A budget review published by the Institute for Energy Economics and Financial Analysis of the approved fiscal-recovery blueprint for the Puerto Rico Electric Power Authority (PREPA) concludes that the plan faces billions in financial risks that will hinder the transformation of the grid.
The IEEFA report —“The Puerto Rico Electric Power Authority’s Fiscal Plan: Budget Shortfalls and Weak Implementation Plan Raise Substantial Risk”— finds that as a result of lower-than-projected revenues and higher-than-projected expenses, the utility faces $170 million in budget shortfalls in fiscal year 2019, which begins in July. It puts PREPA’s average annual deficits through 2023 at $1 billion.
The plan, certified in April by the Financial Oversight and Management Board for Puerto Rico, lays out a roadmap for PREPA’s physical and financial transformation and is the first step in restoring investor confidence in the publicly-owned utility.
The report cites numerous hurdles to PREPA achieving its objectives.
“Without recurring budget balance and the demonstrated discipline to achieve it over several years, none of PREPA’s plans for new transmission, distribution or generation can be achieved,” the report states.
“That means either imposing higher rates or putting off urgent grid-rebuilding needs,” said Tom Sanzillo, lead author of the report and IEEFA’s director of finance. “Operational improvements and grid modernization require investments that PREPA cannot make if its budget remains chronically out of balance.”
The Fiscal Plan appropriately acknowledges the two biggest factors causing the financial crisis:
- PREPA’s $9.2 billion legacy debt load is unaffordable;
- PREPA’s annual fuel budget is more than $1.8 billion, far too expensive when renewable energy can be created at substantially lower costs;
“The governor, the Oversight Board and PREPA all agree that PREPA cannot afford to pay back $9.2 billion in legacy debt. They also acknowledge that the annual bill for fuels is unsustainable and that renewable energy investments are an urgent necessity in order to balance the budget,” Sanzillo said.
Barriers to success also include island-wide economic weakness that will lower electricity demand; risk that unaffordable rates will be required if PREPA customers are forced to pay back part of $9.2 billion in legacy debt; the risk that PREPA fails to invest in renewable energy; the risk that budgeted federal aid for reconstruction will not fully materialize; and the possibility that fuel and purchased power costs will be higher than expected.
The report cites in particular the absence since 2014 of audited PREPA financial data, and Sanzillo said the Oversight Board approved plan is fundamentally lacking in several other respects: “It is internally inconsistent, with few details on major expense categories and savings presented without reference to how the benefits will improve the budget.”
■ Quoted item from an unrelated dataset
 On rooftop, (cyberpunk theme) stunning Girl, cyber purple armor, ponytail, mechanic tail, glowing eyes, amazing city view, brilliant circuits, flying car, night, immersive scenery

But the report concludes that the weakest part of the plan is its privatization initiative.
“As currently designed, the privatization scheme does not address PREPA’s weak financial fundamentals,” Sanzillo said. “It bypasses energy-planning requirements, competitive bidding rules, labor agreements and rate regulation — all critical if PREPA is to recover from its history of past failures.”
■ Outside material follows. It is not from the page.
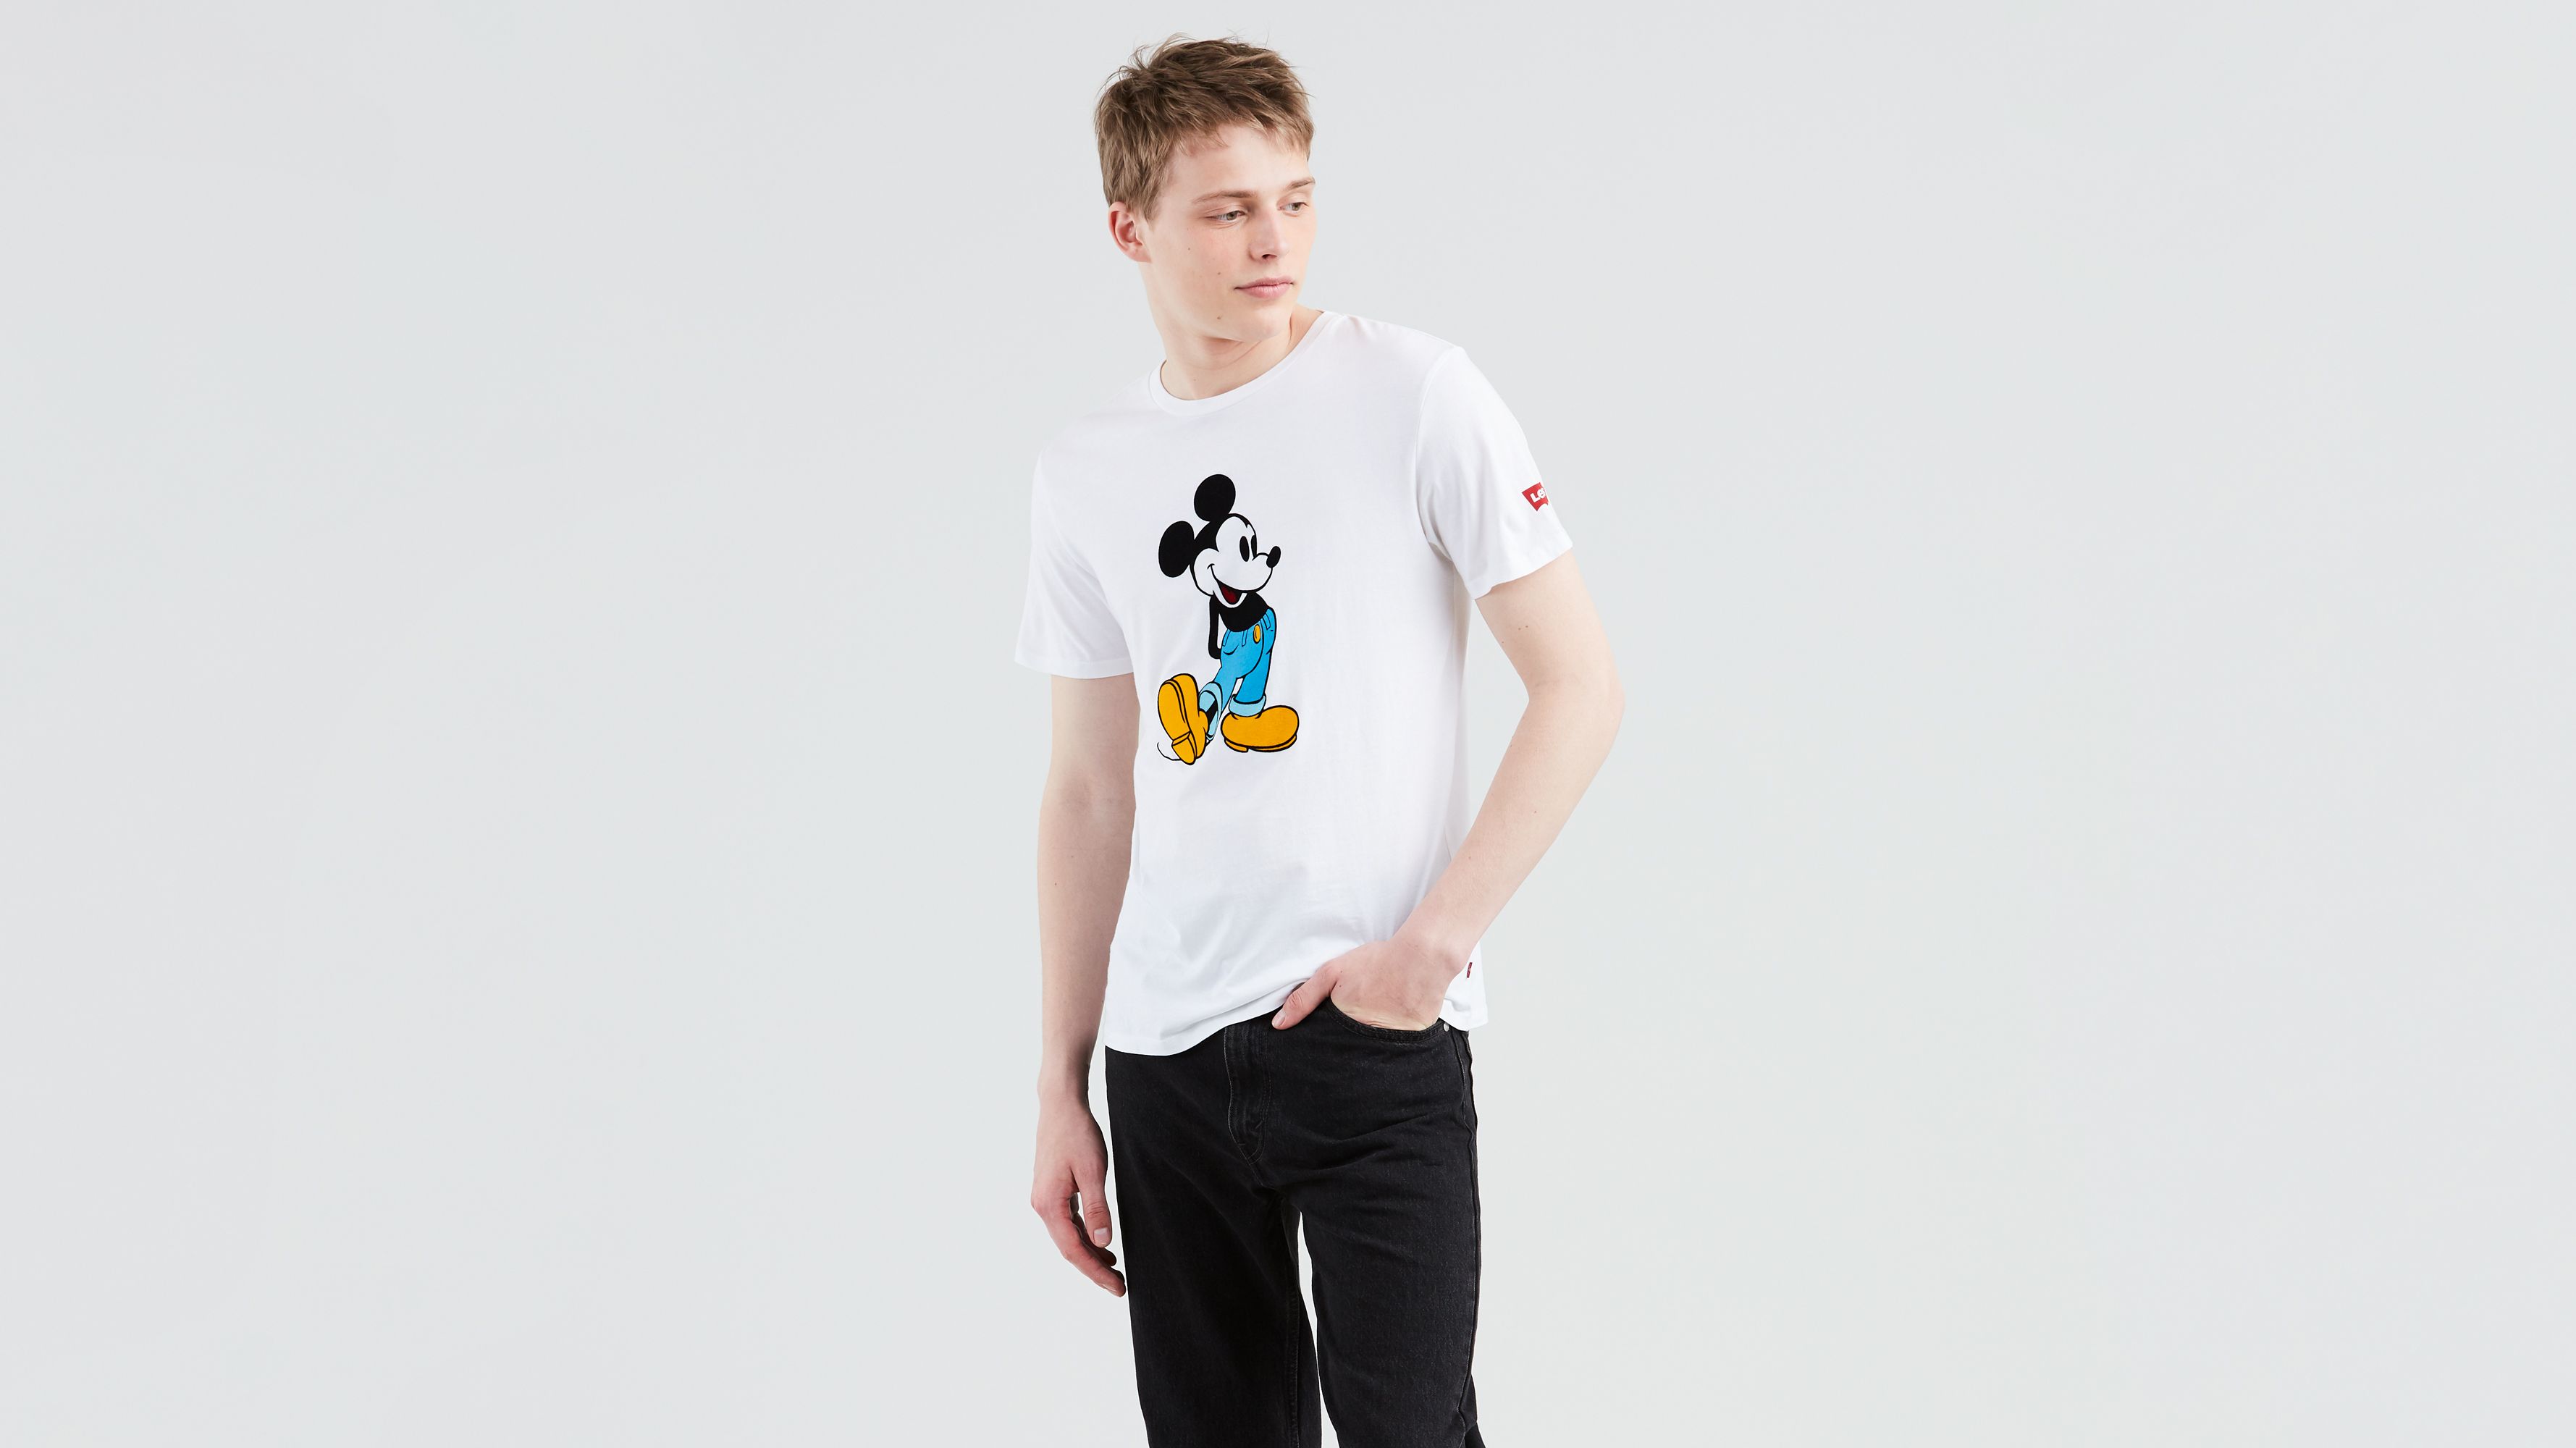 levis t shirt mickey mouse

“The fact is, the authority, under the fiscal plan, expects to sell off assets without any plan for a new generation system or a modern, well-regulated public utility,” he said. “The current administration has failed in its most recent attempts to engage private contractors to rebuild the grid after the hurricane. The Fiscal Plan and privatization proposal shows they have learned nothing from this experience.”
“Bondholders are also at risk,” Sanzillo said. “Persistent budget gaps will mean that less capital will be available for investment in transmission and distribution and in renewable energy generation, so the overall transformation of the system — toward renewables and away from fossil fuels — is likely to take longer than planned. Bondholders who hope to lay claim to future budget surpluses are likely to be disappointed.”
IEEFA has conducted this fiscal review of PREPA to support public demands for more transparency in the wake of PREPA’s bankruptcy and the creation of the Financial Oversight Board. There is a need for improved access to financial information to conduct public debate on PREPA’s future.
Ongoing independent budget reviews by IEEFA, and hopefully others, covering major aspects of Puerto Rico’s Fiscal Plans should help to identify progress and to identify challenges to its success.